Running Supervised Learning
This document describes how to run supervised classification with QIIME. The goal of supervised classification is to classify new, unlabeled communities based on a set of labeled training communities. See (1) for a general discussion of the application of supervised classification to microbiota. Supervised classification using the Random Forests (2) classifier is implemented in the QIIME script supervised_learning.py. When you run this script you will get several output files:
- summary.txt. This gives the estimated generalization error (an estimate of how much error the classifier would have on a novel data set), a description of the method used to estimate the generalization error, the expected “baseline” error for a model that always guesses the most common class, and the number of trees used in the forest.The estimated generalization error should be compared to the “baseline” error. For your convenience, this file also shows the ratio of the baseline error to the estimated generalization error of the random forests classifier. A reasonable criterion for good classification is that this ratio should be at least 2, or in other words, the random forests classifier does at least twice as well as random guessing. The baseline error will be very low for data sets with unbalanced classes. For example, if 90% of your samples belong to a single class, then your baseline error is 10%, and you should not be impressed if a classifier achieves, say, 8% error. In contrast, if your data is evenly divided into 10 classes, then your baseline error for random guessing is 90%, and even 45% classifier error is an indication that the classifier is doing quite a bit better than random. If you are interested in the performance of the classifier in a specific class, see the file confusion_matrix.txt (explained below).

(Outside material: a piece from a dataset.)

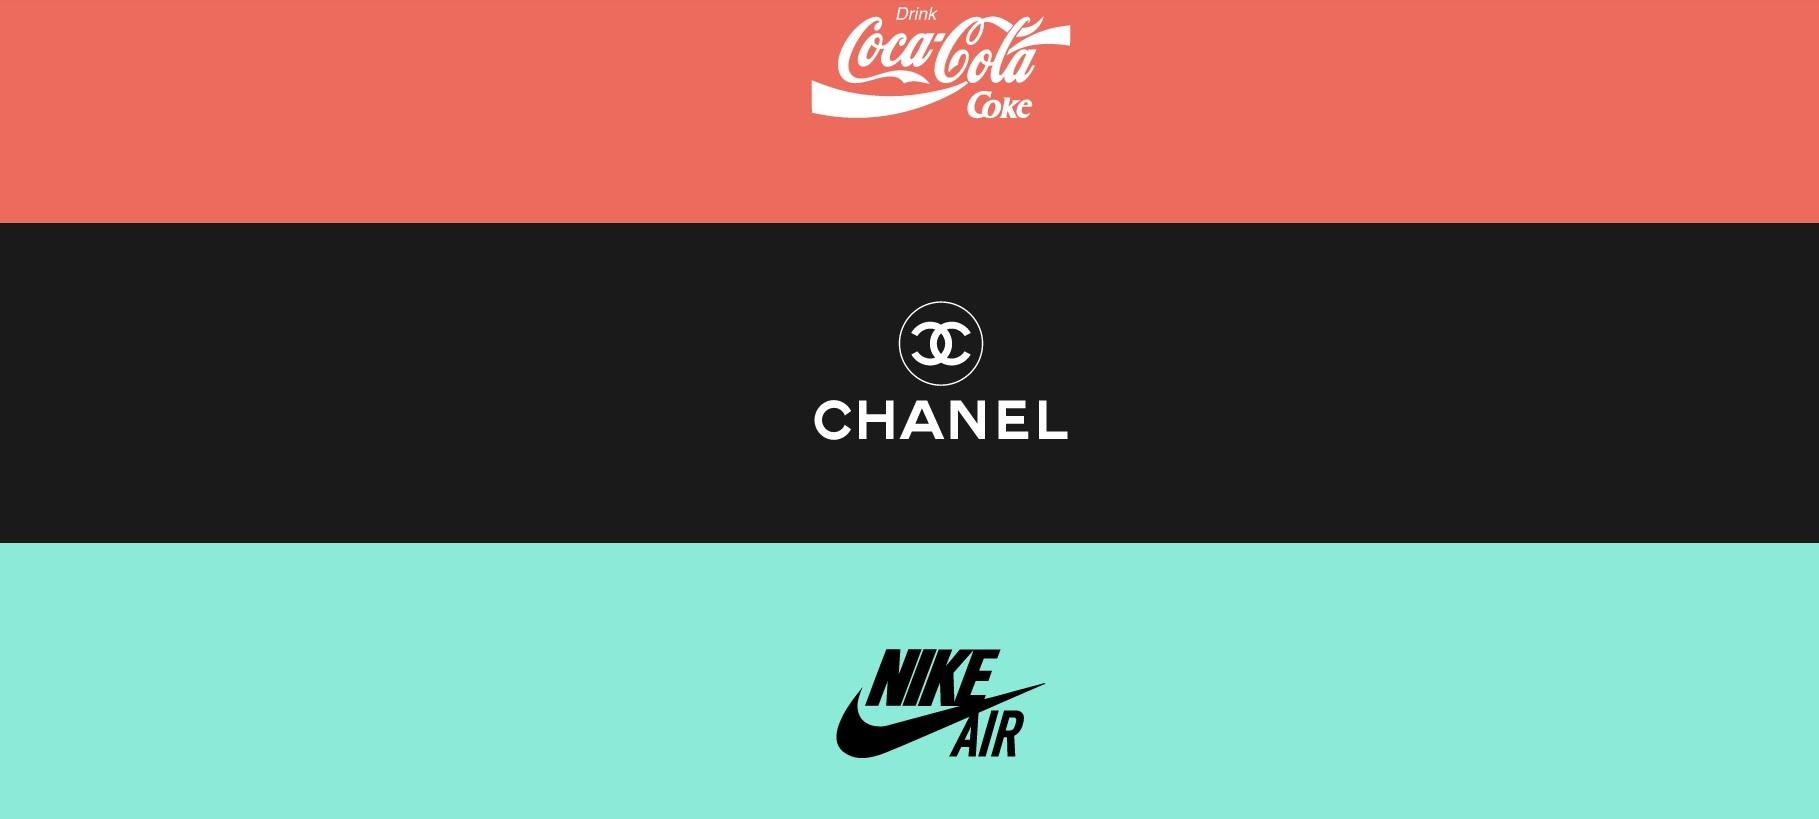 image-2-responsive-logos

- cv_probabilities.txt. Cross-validation estimates of class probabilities for the samples. For each sample, gives the classifier’s estimated probability that the sample belonged to each of the possible classes or categories. To avoid overfitting, the estimates for a given sample are always predicted by models that did not contain that sample in their training sets.

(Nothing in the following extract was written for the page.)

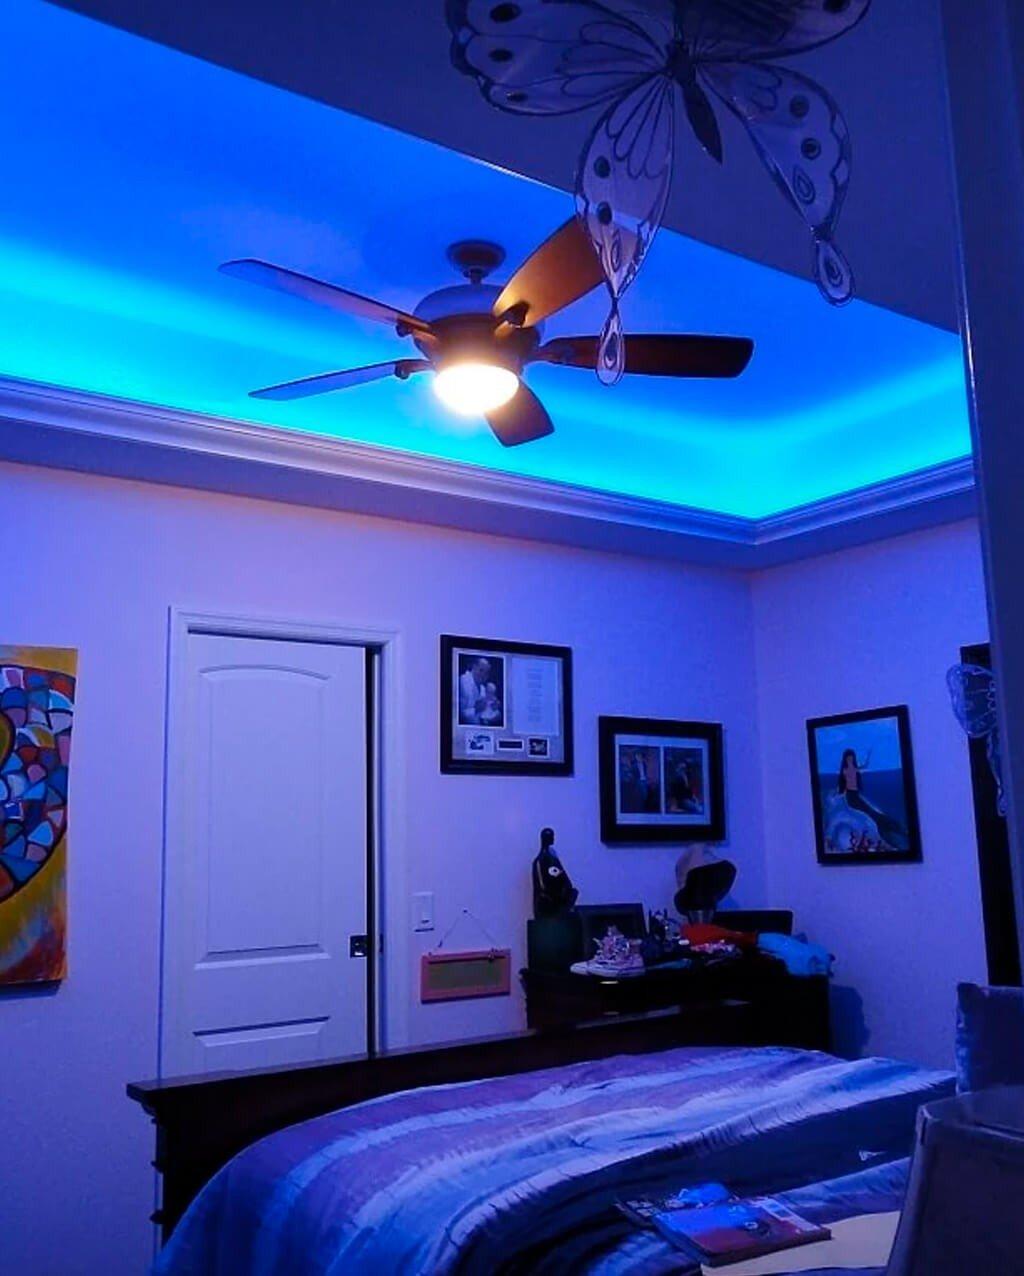 Iluminação Fita LED Forro Sanca

- mislabeling.txt. For each sample, gives the estimated probability of the alleged class (the class shown in the mapping file), and the probability for the most likely other class. This is just a convenient summary of the information contained in cv_probabilities.txt. It also contains columns “mislabeled_probability_above_0.xx” for thresholds 5%, 10%, ..., 95%, 99%, indicating whether the probability that a given sample is mislabeled exceeds the given threshold. For example, if a particular sample has the value “TRUE” in the column “mislabeled_probability_above_0.95”, then the model has estimated that there is a 95% chance that the sample is mislabeled. See also the tutorial on predicting mislabeled samples.
- feature_importance_scores.txt. The classifier’s estimates of the importance (i.e., discriminative power) of each of the features (e.g. OTUs). For Random Forests, the importance reported is the expected mean decrease in accuracy when the feature is ignored. There is no accepted threshold for determining which features are significantly discriminative, as this may depend on the overall error rate and other factors. For example, if the overall error rate is only 5%, then a feature whose removal increases error by 1% (i.e. importance score 0.01) might be considered highly discriminative.
- confusion_matrix.txt. Entry in row i and column j shows the number of samples whose true class was i that were classified (when held out from model training) in class j.
This script requires a QIIME OTU table (or equivalent) and a QIIME metadata mapping file.
Running the script
To run supervised classification on the QIIME tutorial data set, where the “Treatment” metadata column gives the class labels:
supervised_learning.py -i otu_table.biom -m Fasting_Map.txt -c Treatment -o ml -v
All of the result files described above will be contained in the folder ml. The -v flag causes verbose output, including a trace of the classifier’s progress while it is running. This runs Random Forests with the default setting of 500 trees. For larger data sets, the expected generalization error may decrease slightly if more trees are used. You can run random forests with 1,000 trees with the following:
supervised_learning.py -i otu_table.biom -m Fasting_Map.txt -c Treatment -o ml -v --ntree 1000
Both of these example build a single random forests classifier, and use “out-of-bag” predictions (that is, each tree in the forest makes predictions about samples that were absent from its bootstrapped set of samples) to estimate the generalization error. If you have a very small data set you may wish to perform leave-one-out cross validation, in which the class label for each sample is predicted using a separate random forests classifier trained on the other n-1 samples:
supervised_learning.py -i otu_table.biom -m Fasting_Map.txt -c Treatment -o ml -v -e loo
To obtain more robust estimates of the generalization error and feature importances (including standard deviations), you can run the script with 5-fold or 10-fold cross validation:
supervised_learning.py -i otu_table.biom -m Fasting_Map.txt -c Treatment -o ml -v -e cv5
supervised_learning.py -i otu_table.biom -m Fasting_Map.txt -c Treatment -o ml -v -e cv10
Supervised classification is most useful for larger data sets. When data sets are too small, the estimates of the generalization error, feature importance, and class probabilities may be quite variable. How large a data set needs to be depends on, among other things, how subtle are the differences between classes, and how many noisy features (e.g. OTUs) there are.
Note: we recommend running single_rarefaction.py on your OTU table before using it as input to supervised_learning.py, to control for variation in sequencing effort.